Gereja Kristen Injili Di Tanah Papua adalah Gereja yang Injili dan Oikumenis sejak dulu (1956) sampai sekarang dan bahkan waktu yang akan datang, selagi Allah berkenan. Ia akan tetap menjadi Gereja yang Injili dan Oikumenis!. Selaras berkembangannya peradaban manusia yang semakin maju pesat di segala bidang hidup, pluralitas sosial, etnis dan budaya senantiasa mewarnai eksistensi hidup GKI Di Tanah Papua. Pulau di ujung timur Indonesia ini pun mengundang kemajemukan agama pada satu pihak dan kekristenan di pihak lain, dengan berbagai panorama dogmanya. GKI Di Tanah Papua merupakan Gereja tertua yang tetap mengembang tugas panggilannya, bersekutu, bersaksi dan melayani, baik secara internal dan eksternal sebagai bukti identitasnya yang Injili dan Oikumenis.

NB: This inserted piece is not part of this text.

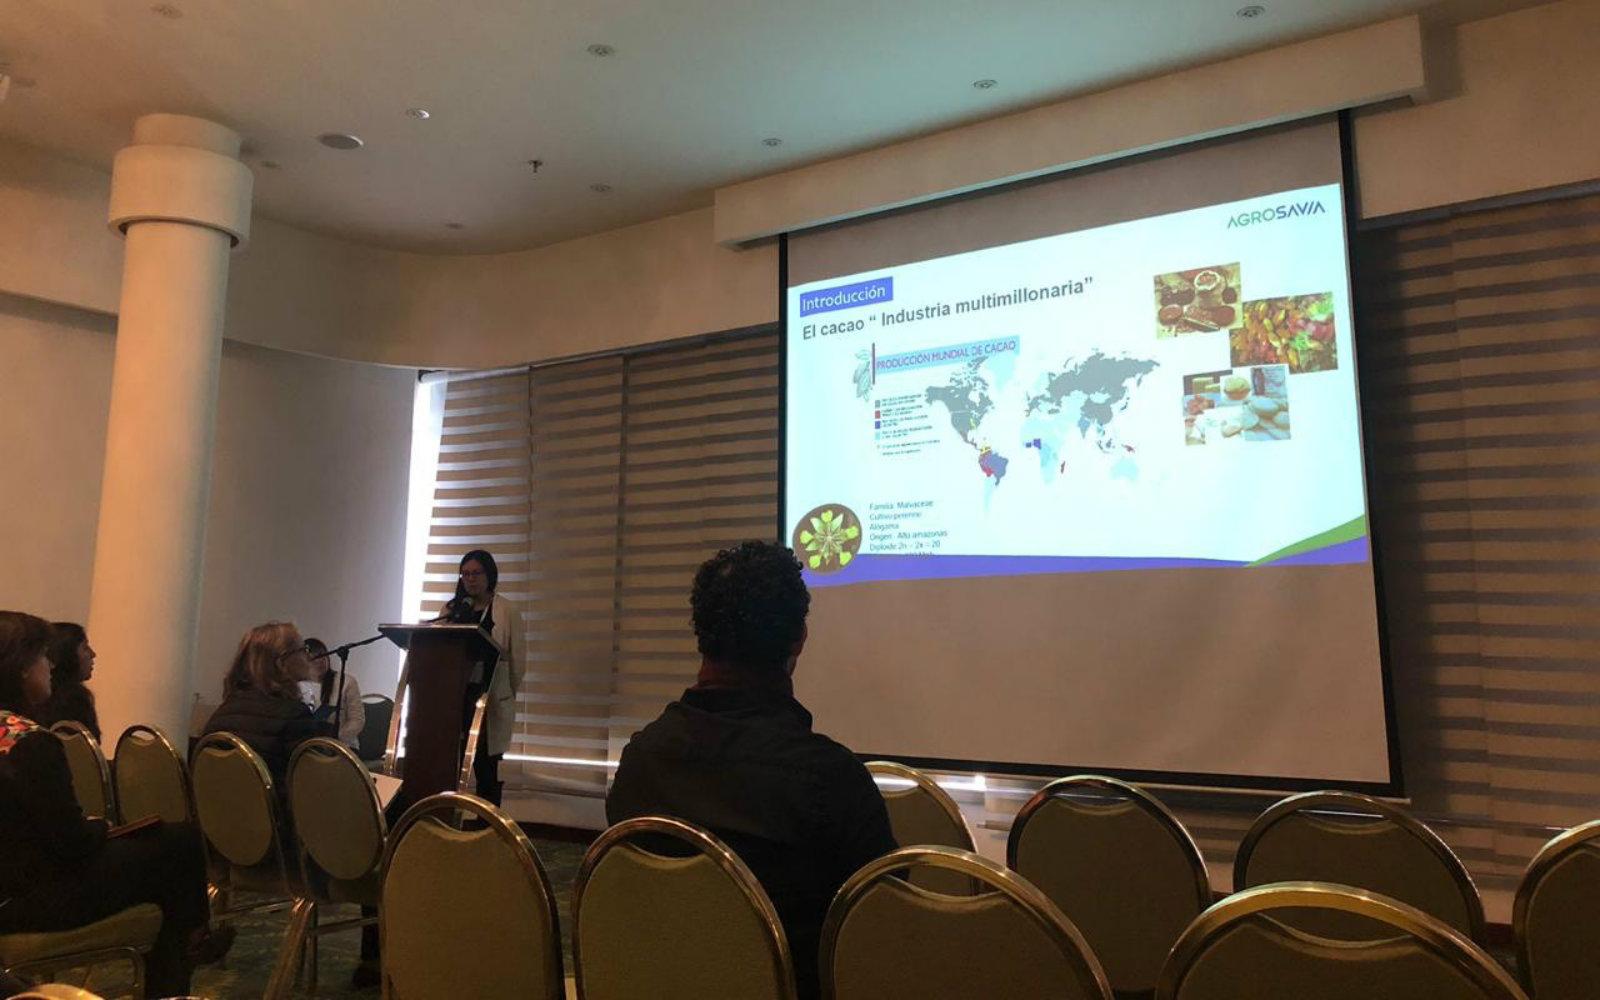 AGROSAVIA estuvo presente en el congreso C2B2

Medan pelayanan GKI Di Tanah Papua begitu luas dan sulit, yang meliputi daerah pesisir pantai utara, pantai selatan, ujung barat kepala burung, ujung timur yang berbatasan dengan PNG dan daerah-daerah pegunungan menjadi panggung penginjilan, baik di waktu yang lalu maupun di waktu sekarang ini. Daerah-daerah suku terasing, daerah-daerah terpencil, pinggiran kota dan daerah perkotaan dijadikannya sebagai basis penginjilan prioritas. Gereja ini tidak pernah tinggal diam dan berlipattangan terhadap penginjilan di atas tanahnya, melainkan ia ekstra aktif dalam menciptakan program-program, rencana-rencana strategis dan langkah-langkah penggalangan dana bagi kerja penginjilan. Hal ini memberi warna kuat bahwa GKI Di Tanah Papua adalah yang Injili untuk menginjili.

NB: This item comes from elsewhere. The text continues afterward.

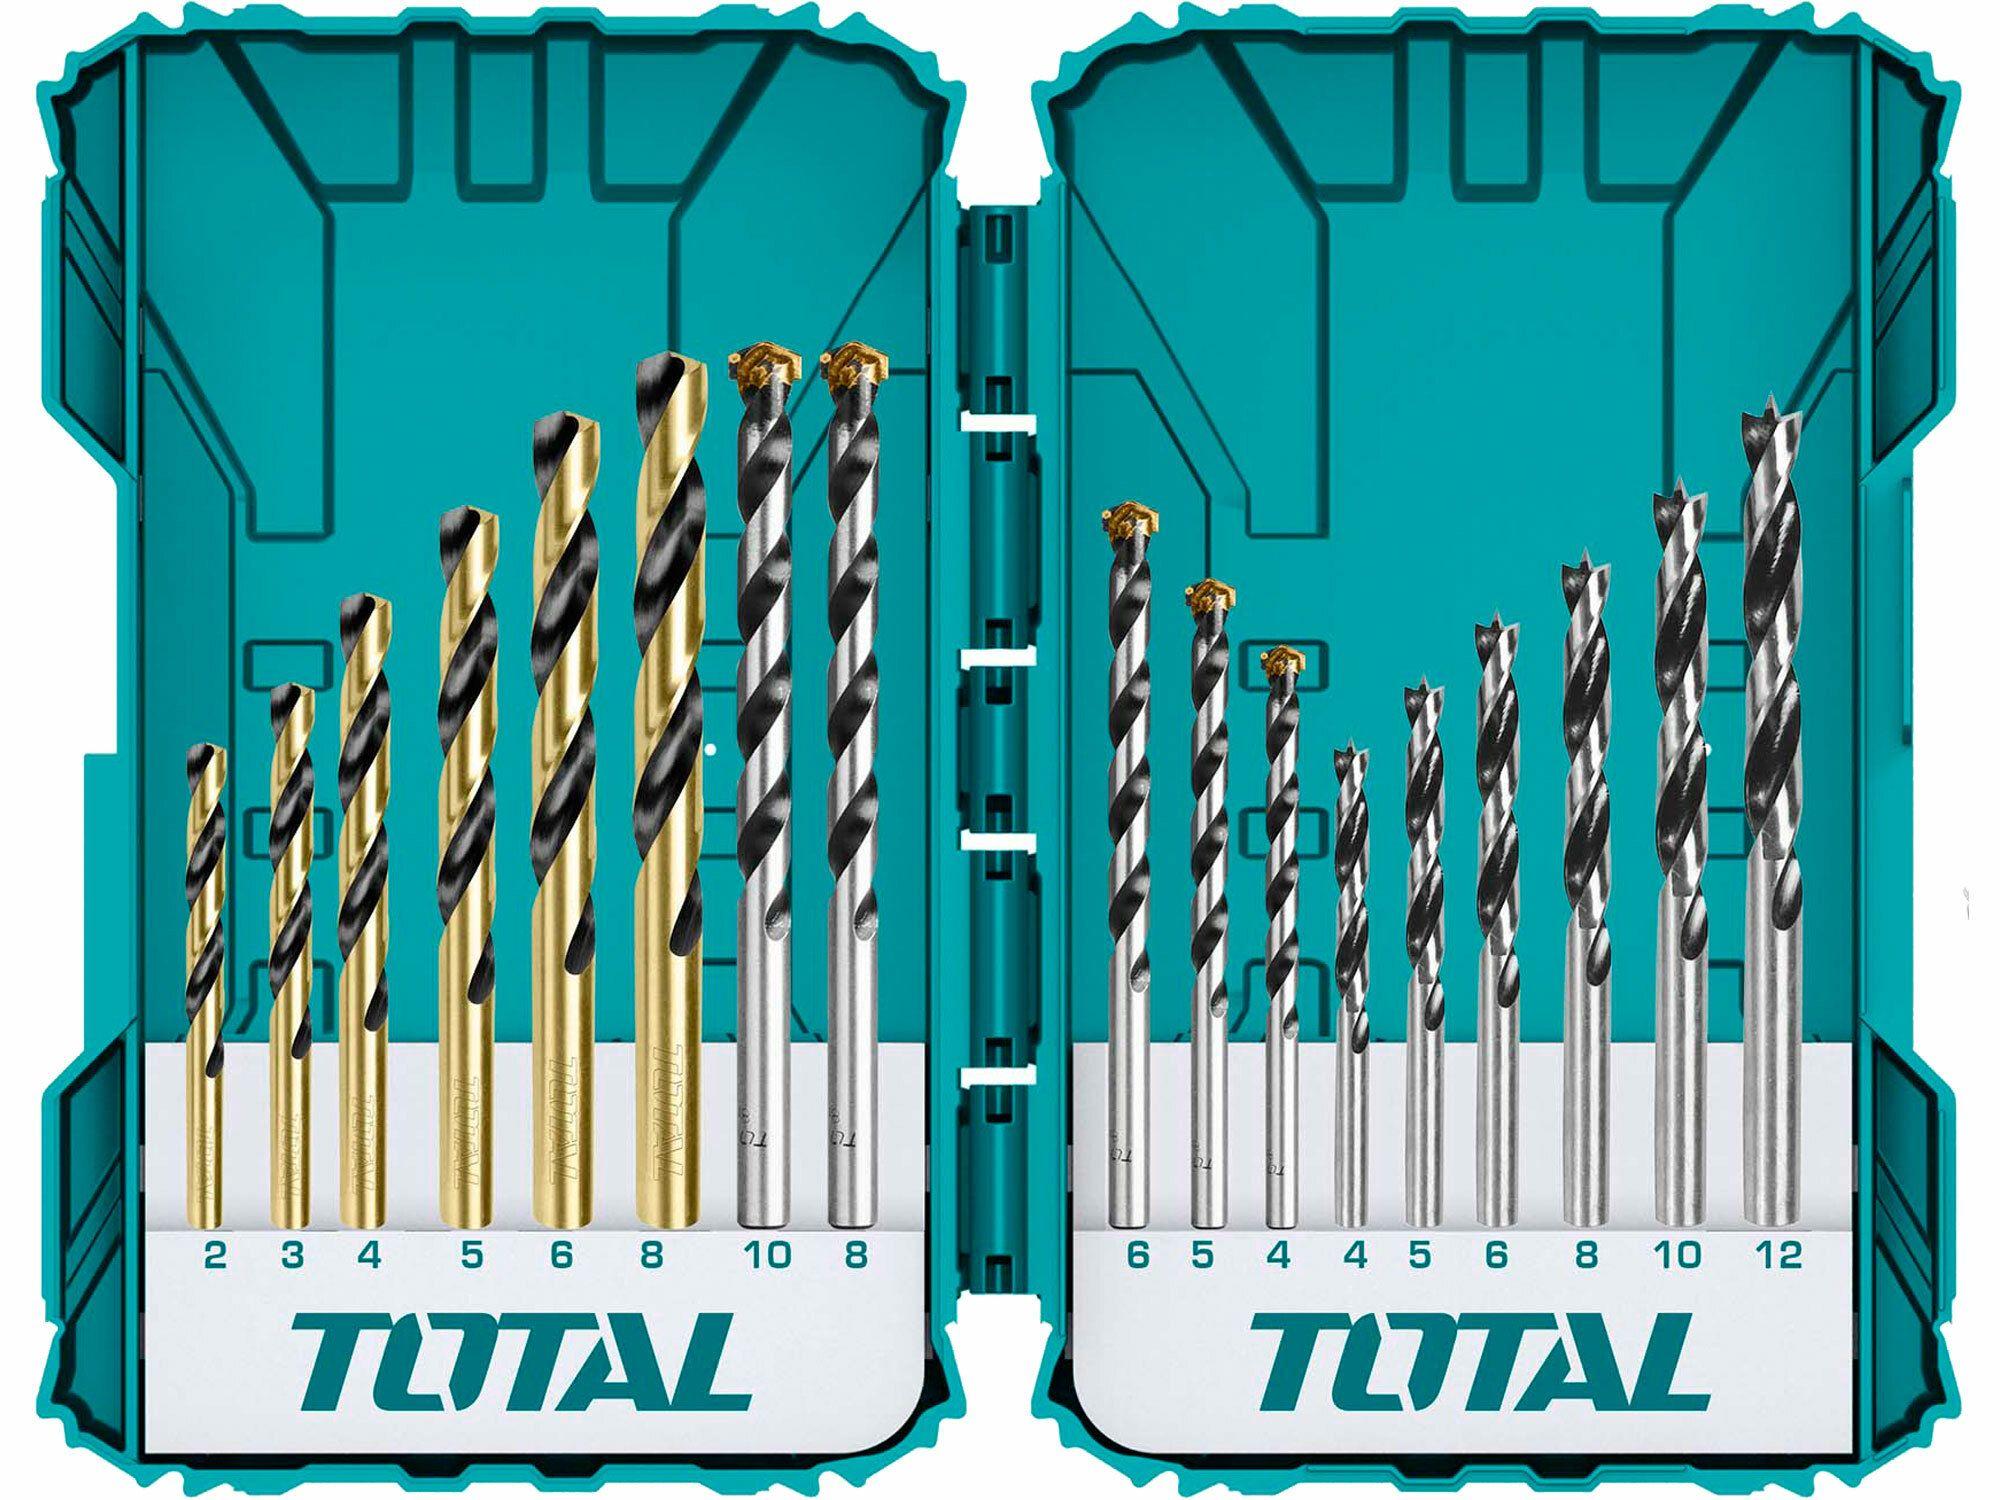 Vrtáky, kombinovaná sada, 16ks TOTAL-TOOLS

SEJARAH PI : Landasan bagi GKI Di Tanah Papua
          Masuknya Injil di tanah Papua (Mansinam,1855) merupakan anugerah Allah yang tak terhingga. Dulunya Papua gelap kini menjadi terang, dulunya tidak beradab kini menjadi beradab, Papua yang dulunya dianggap rendah, kini sejajar dengan dunia lain. Semuanya ini tidak terlepas dari kerja keras dua rasul Papua, Ottow dan Geissler. Atas tuntunan Roh Kudus, sebagai motivator ilahi, mereka membawa Injil masuk bumi cenderawasih, sebagai wujud implementasi Amanat Agung Yesus Kristus yang terdokumentasikan dalam kitab Injil Matius 28:19-20.
          Injil adalah kekuatan Allah yang menyelamatkan manusia..”, demikian kata rasul Paulus dalam suratnya ke Roma (Rum. 1:16). Tidaka ada kuasa lain yang dapat membatasi ruang dan waktu eksistensinya. Injil membuat yang tidak mungkin menjadi mungkin di atas tanah Papua. Hadirnya Injil di tanah Papua (1855) yang mengakibatkan banyak martir dan lahirnya GKI di Tanah Papua (1956), yang walaupun pada waktu itu sangat prematur, merupakan bukti kongkrit dari kuasa Injil Kristus itu.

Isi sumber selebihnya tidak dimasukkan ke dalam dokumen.